Family members have said in interviews that they have been fearful of him.

“It’s a blessing to take a monster off the street," said Willie Foster, Dominique Foster’s husband of 19 years, said about the arrest Thursday.

"He’s a modern day serial killer, but no one wants to come out and say it,” Foster said of Banks who has been previously convicted of two murders, including one of his son.

Banks did not have an attorney listed in online court records.

A statement released by police did not provide additional details about what prompted the additional charges.

In charging documents related to the firearms charge filed last month, police focused almost exclusively on his daughter’s death, though police had not charged him with her murder at the time.

Foster’s body was found May 12 wrapped up and placed inside a shopping cart at the Clarks Lane Garden Apartments. A nearby resident told responding officers she heard some arguing on the night of May 10.

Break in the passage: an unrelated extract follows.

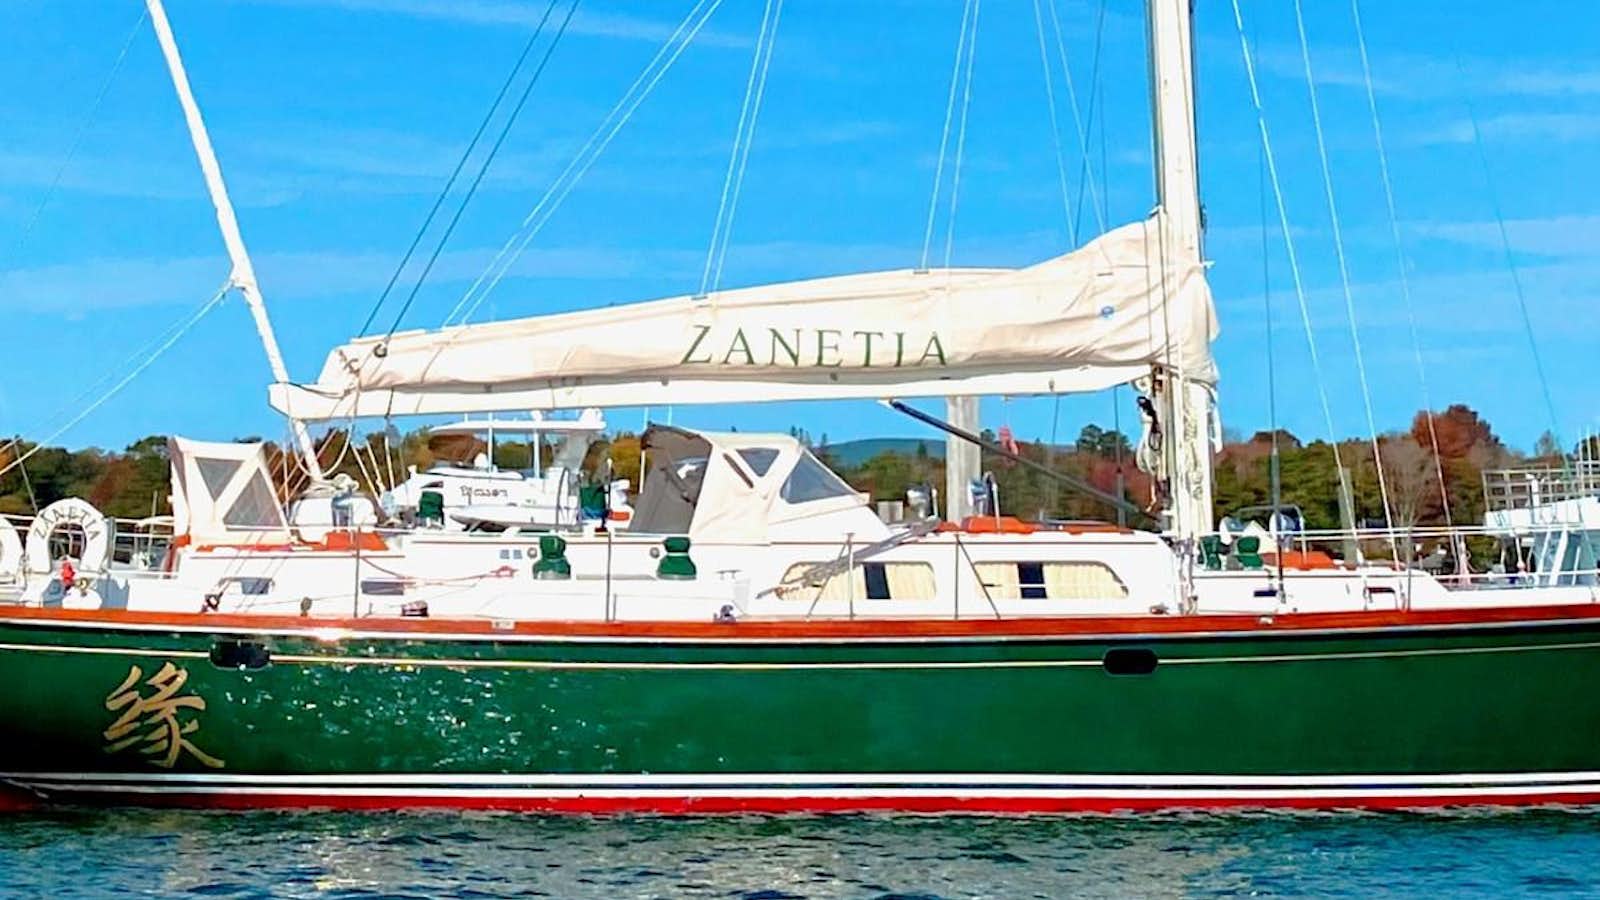 Zanetia
Yacht for Sale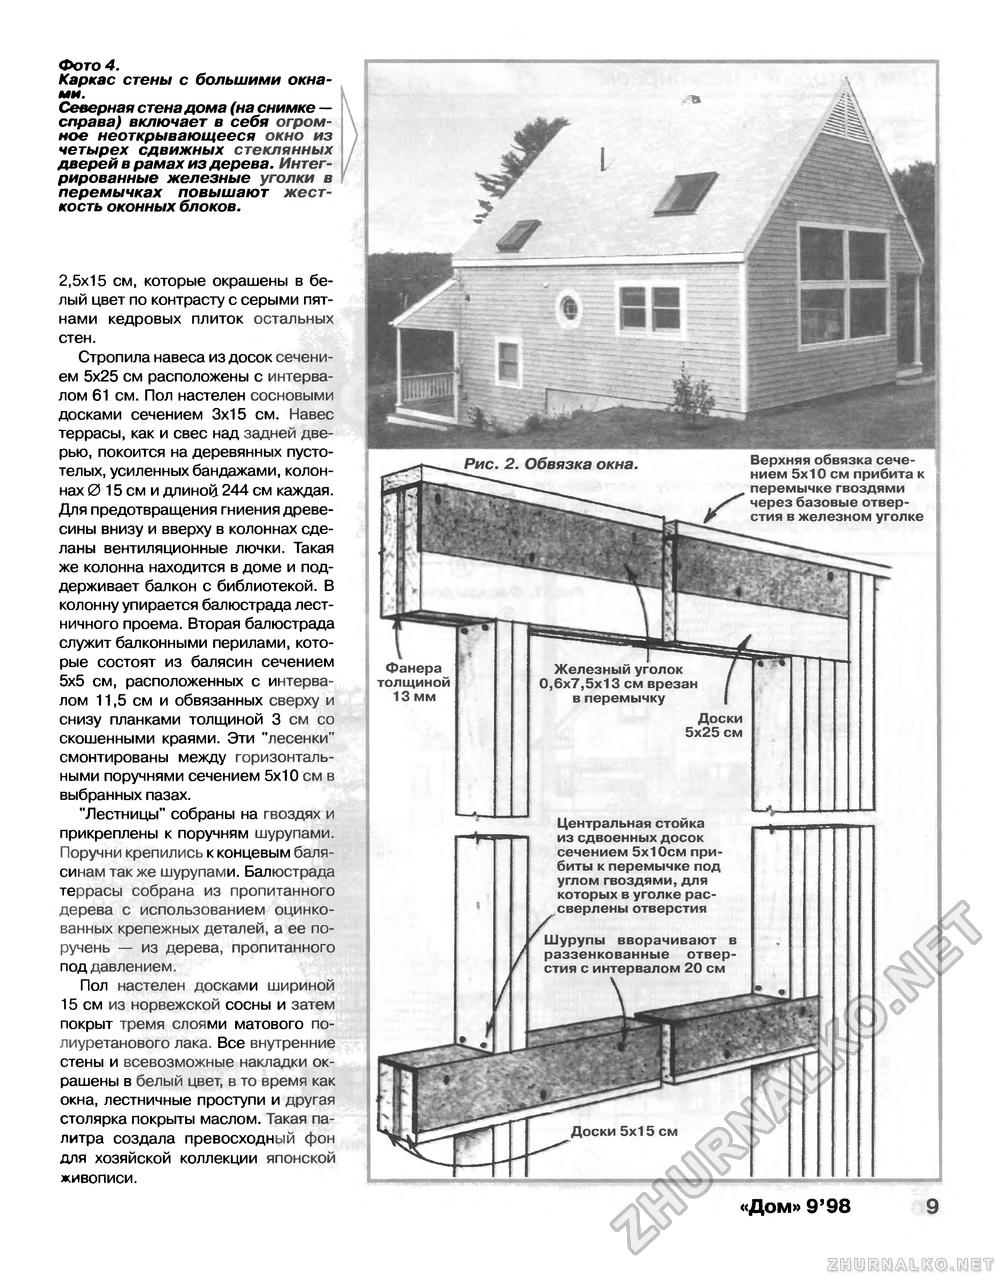 Дом 1998-09, страница 9

A security camera video from that day obtained by police showed a man with a limp in a white jacket and hoodie wheeling a shopping cart toward the lot where Foster was found.

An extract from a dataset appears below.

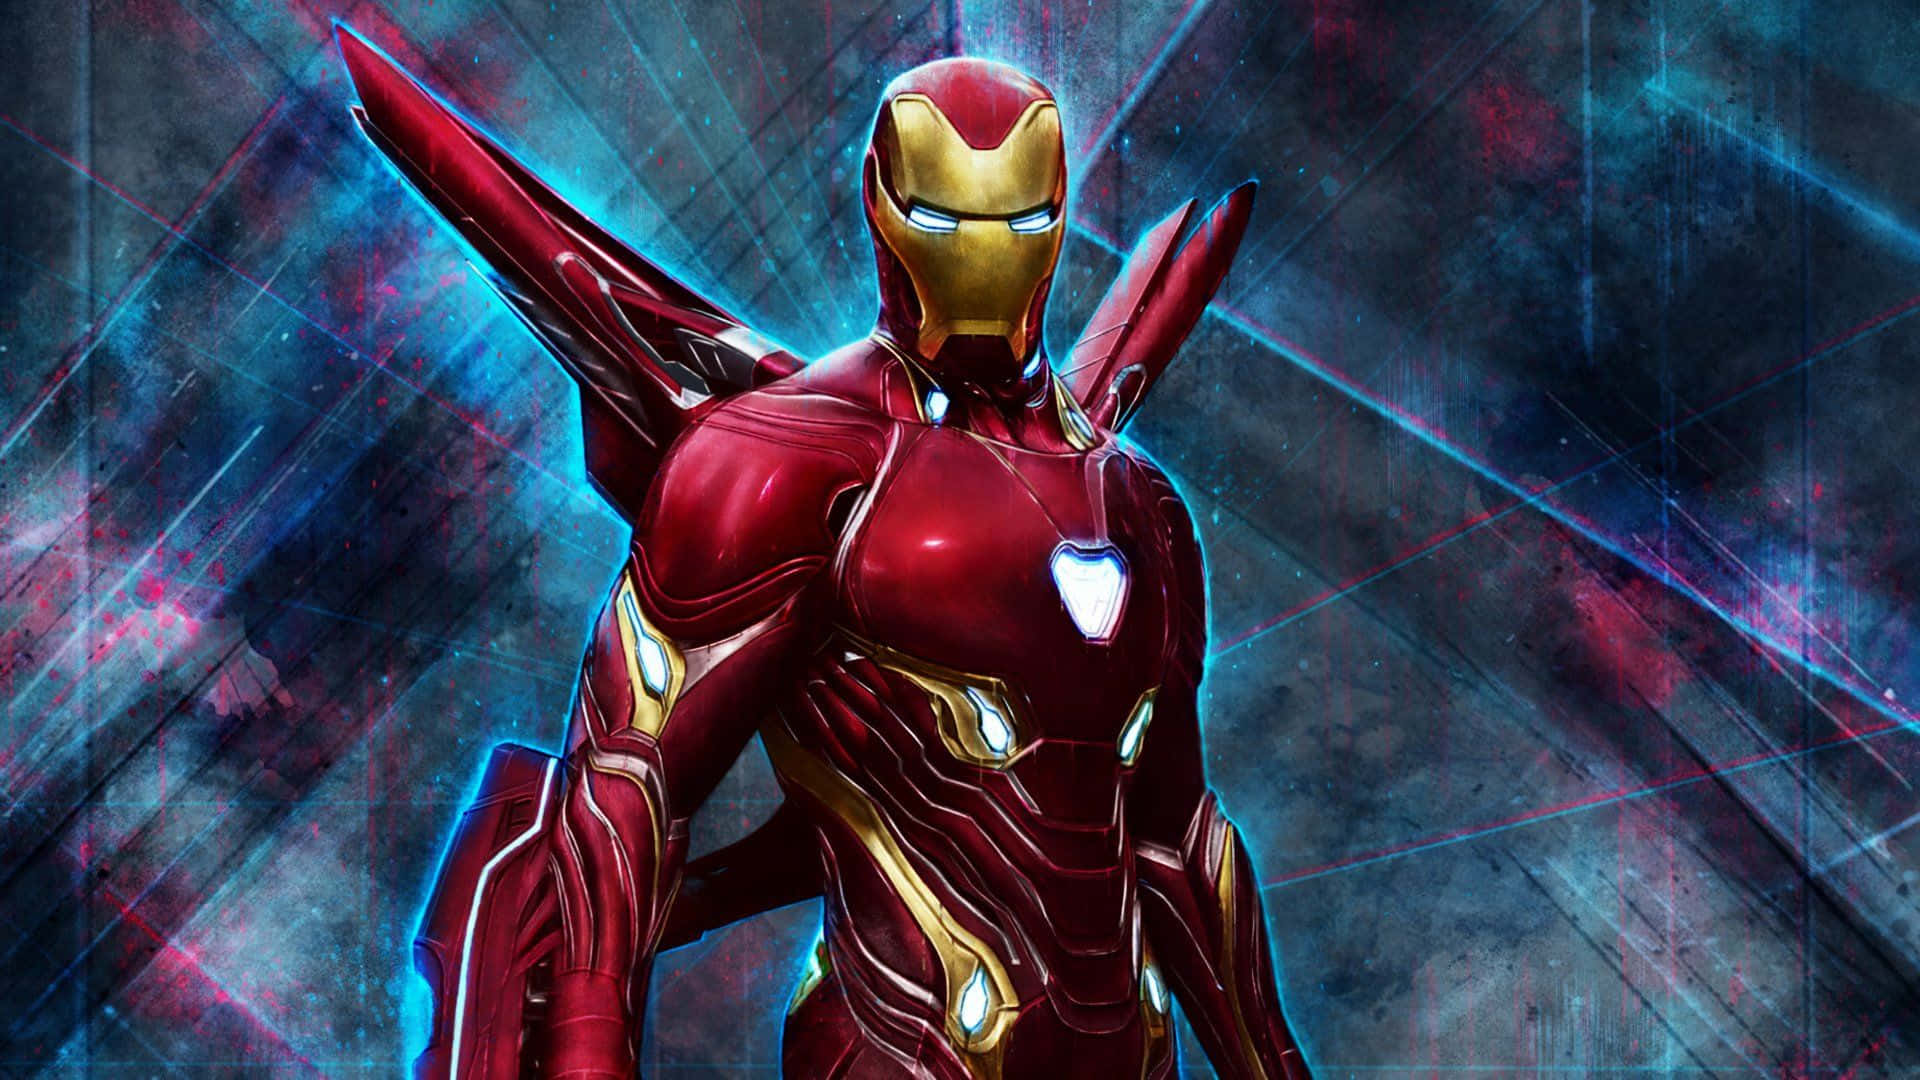 Avengers Iron Man 1920 X 1080 Wallpaper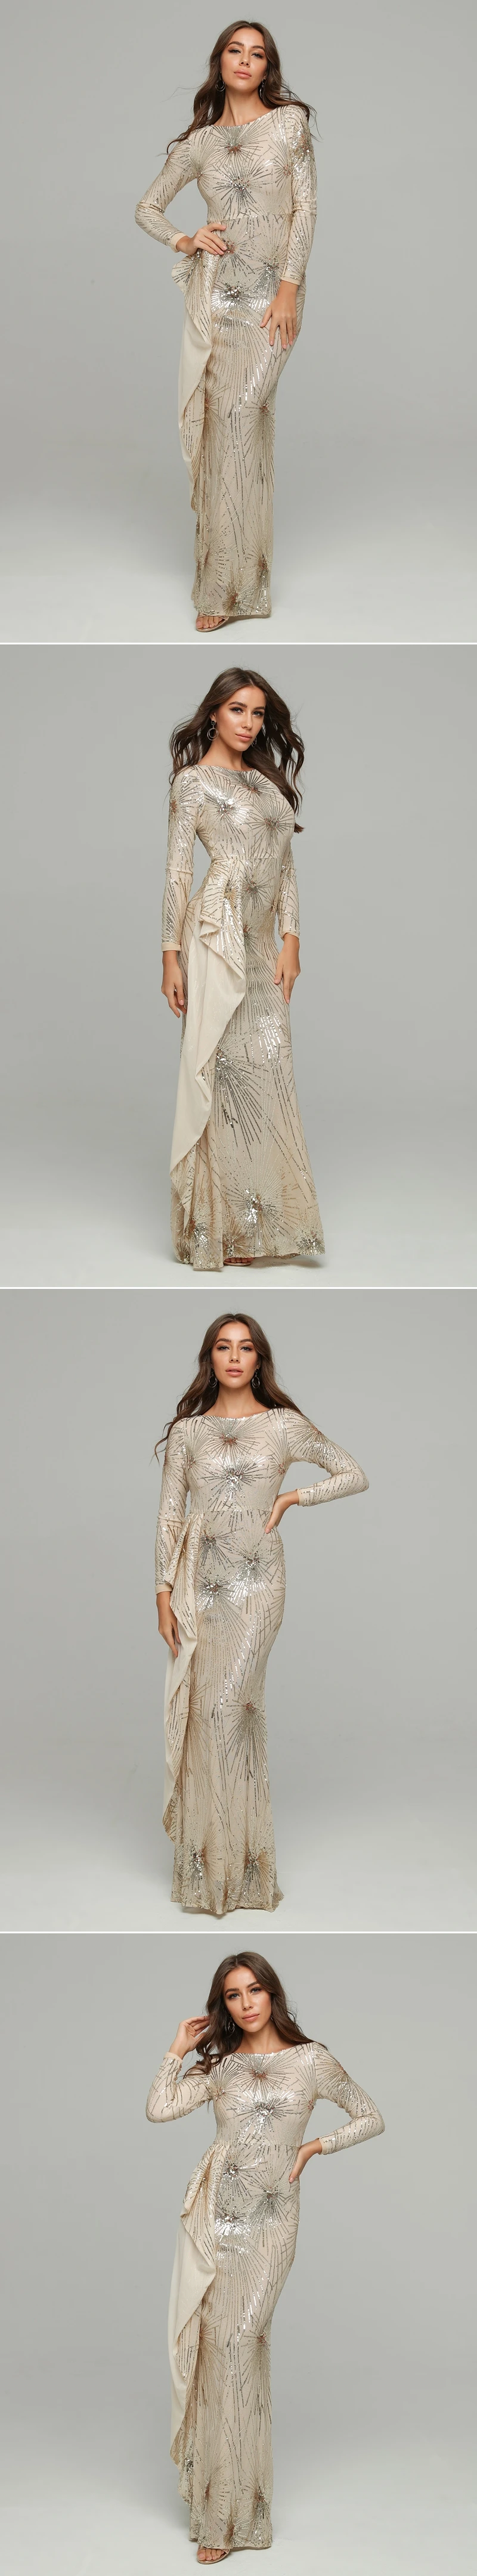 VC,, новое шикарное платье с пайетками, украшенное сеткой, с длинными рукавами, с круглым вырезом, вечерние платья знаменитостей

Police used pictures of Foster’s tattoos to help identify her. They got a warrant to search Banks’ apartment, where, according to the charging documents, they found blood and other evidence. They also seized a .380 caliber handgun with five bullets in the magazine, according to the document.

Willie Foster said his wife was trying recently to reconnect with her father after returning to Baltimore. Foster and his wife moved to North Carolina 15 years ago, but in the past year his wife returned and was staying with her sister. Foster said his wife kept her father from him.

She told him she had suffered trauma as a child.

"She went through too much. Dominique knew if she left this world, it would be by her dad,” he said.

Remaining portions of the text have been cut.